Despite the examples of black achievement presented to him, such as the almanac
of Benjamin Banneker, and, indeed, his long intimate relationship with the
slave Sally Hemmings, about whom he clearly cared, he never retreated from his
belief in the desirability of the eventual separation of the races.
Like many later white
abolitionists, Jefferson was able to simultaneously maintain an opposition to
slavery with what we would regard as a basically racist attitude. Critics have
charged that his racist feelings explain his apparent reluctance to do more to
oppose slavery, but the problem is more complex. The rejection in 1776 of his
clause in the Declaration about slavery and the subsequent unwillingness of the
Virginia legislature to take up emancipation—when he was one of the committee
revising its laws—would have made him realize the enormous difficulties in
changing the opinions of his Virginian contemporaries. In addition, Jefferson
was unwilling to ostracize himself from his neighbors when he thought that
there was more he could do in Virginia to secure a free society.
Jefferson served two
terms as president of the United States (1801–1809). As president, he brought
his commitment to education and agrarianism to bear upon Indian policy. The
U.S. Constitution reserves to the federal government alone the right to treat Indians as sovereign nations. As Handsome Lake’s narrative, printed
earlier in this volume, indicates, Indian tribes were being devastated by the
most corrupting aspects of Anglo-American culture. Jefferson’s letter to
Handsome Lake indicates Jefferson’s sympathy with Handsome Lake’s revival and
his own very European conception of property. Jefferson’s “civilizing” policy,
described in his letter to Benjamin Hawkins, aimed to gradually incorporate Indians
into the fabric of the United States, first, by moderating the expansion of
Anglo-Americans into Indian lands, and second, by simultaneously sending agents
of civilization—missionaries, teachers, craftsmen, agricultural instructors,
and federal agents to regulate trade and intercept contraband alcohol—to Indian
tribes in order to prepare them to abandon hunting, and the large land areas
their semi-nomadic lifestyle required, in favor of sedentary, village
agricultural life. Jefferson believed that Indians thus assimilated, could “be
absorbed to their infinite advantage, within the American population” who were
settling on their lands. Throughout his two terms in office, however, factions
on both sides resisted the Jeffersonian solution.
In the last quarter of
his life, faced with what he felt was the impossibility of arguing Virginians
into abolition, Jefferson concentrated
on the coming generation.

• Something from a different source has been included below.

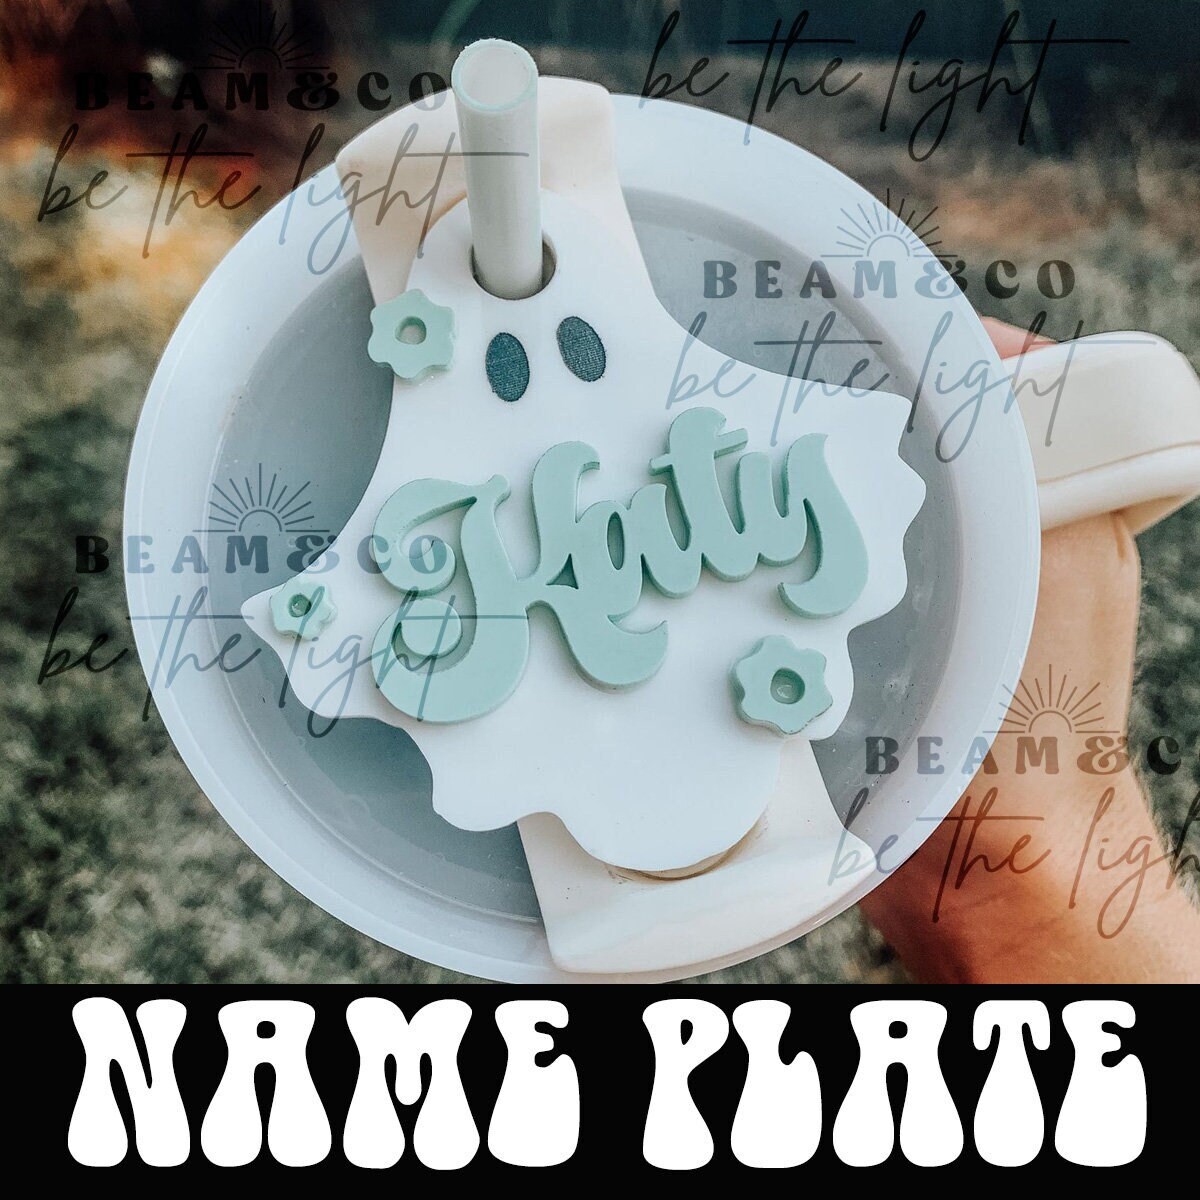 40 Oz Tumbler Cup Name Plate, Halloween Cup Tags, Ghost Tumbler
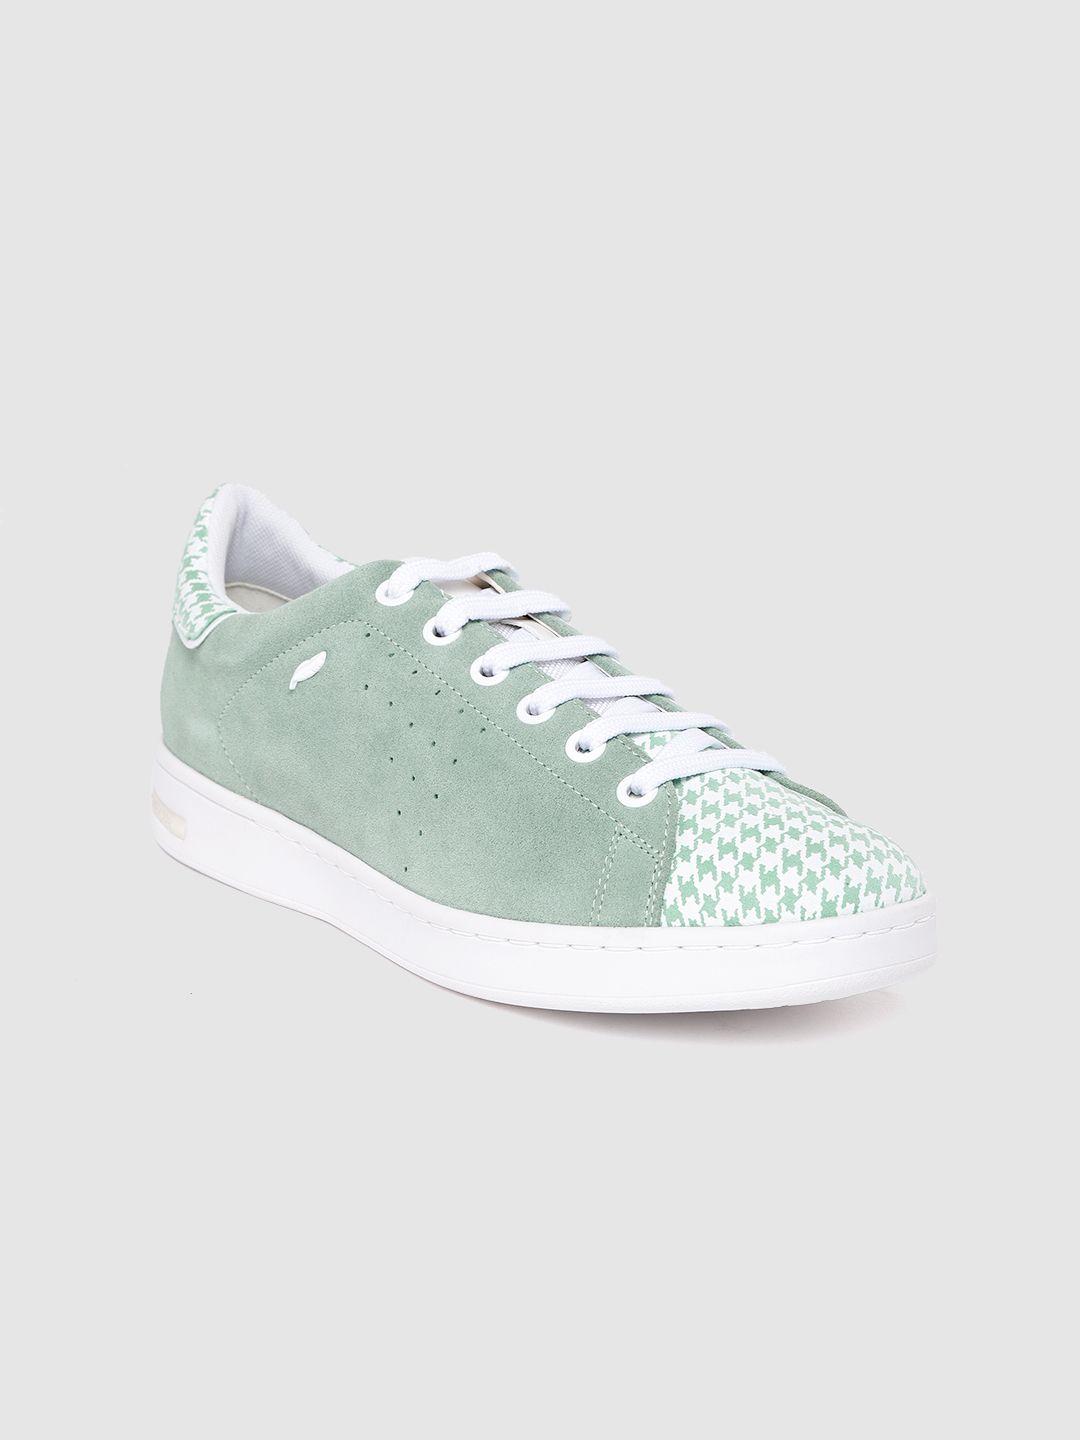 Geox Women White & Green Printed Leather Lightweight Sneakers Price in India

Slavery would have to be abolished, he told Edward
Coles in 1814, by “the young...who can follow it up, and bear it through to its
consummation.” As Jefferson makes clear in his letters to Peter Carr and
Nathaniel Burwell, the principal resource of future generations of men and
women would be a solid education that trained the reason and the moral sense
for “the real businesses of life.” His own contribution, he thought, would be
to found the University of Virginia as a means to encourage progress toward a
republican future.
Jefferson wanted to be
remembered on his grave marker as the author of the Declaration and of the
Virginia Statute for Religious Freedom and as the father of the University of
Virginia. His primary commitment was to intellectual freedom; he believed that
liberated reason would ultimately purge the world of tyranny and oppression,
but his optimism also seemed to many to ignore the real suffering of the world.
|
Frank Shuffelton
University of Rochester
Andrew Wiget
New Mexico
State University
| Texts
In the Heath Anthology
Letter to Nathaniel Burwell [Female's Education]
(1718)
[n.b., March 14]
from Letter to James Madison, Oct. 28, 1785
(1785)
from Notes on the State of Virginia
(1785)
from Query VI: "Production, Mineral , Vegetable, and Animal, Buffon and the Theory of Degeneracy"
(1785)
from Query XI: "Aborigines, Original Condition and Origin" (1785)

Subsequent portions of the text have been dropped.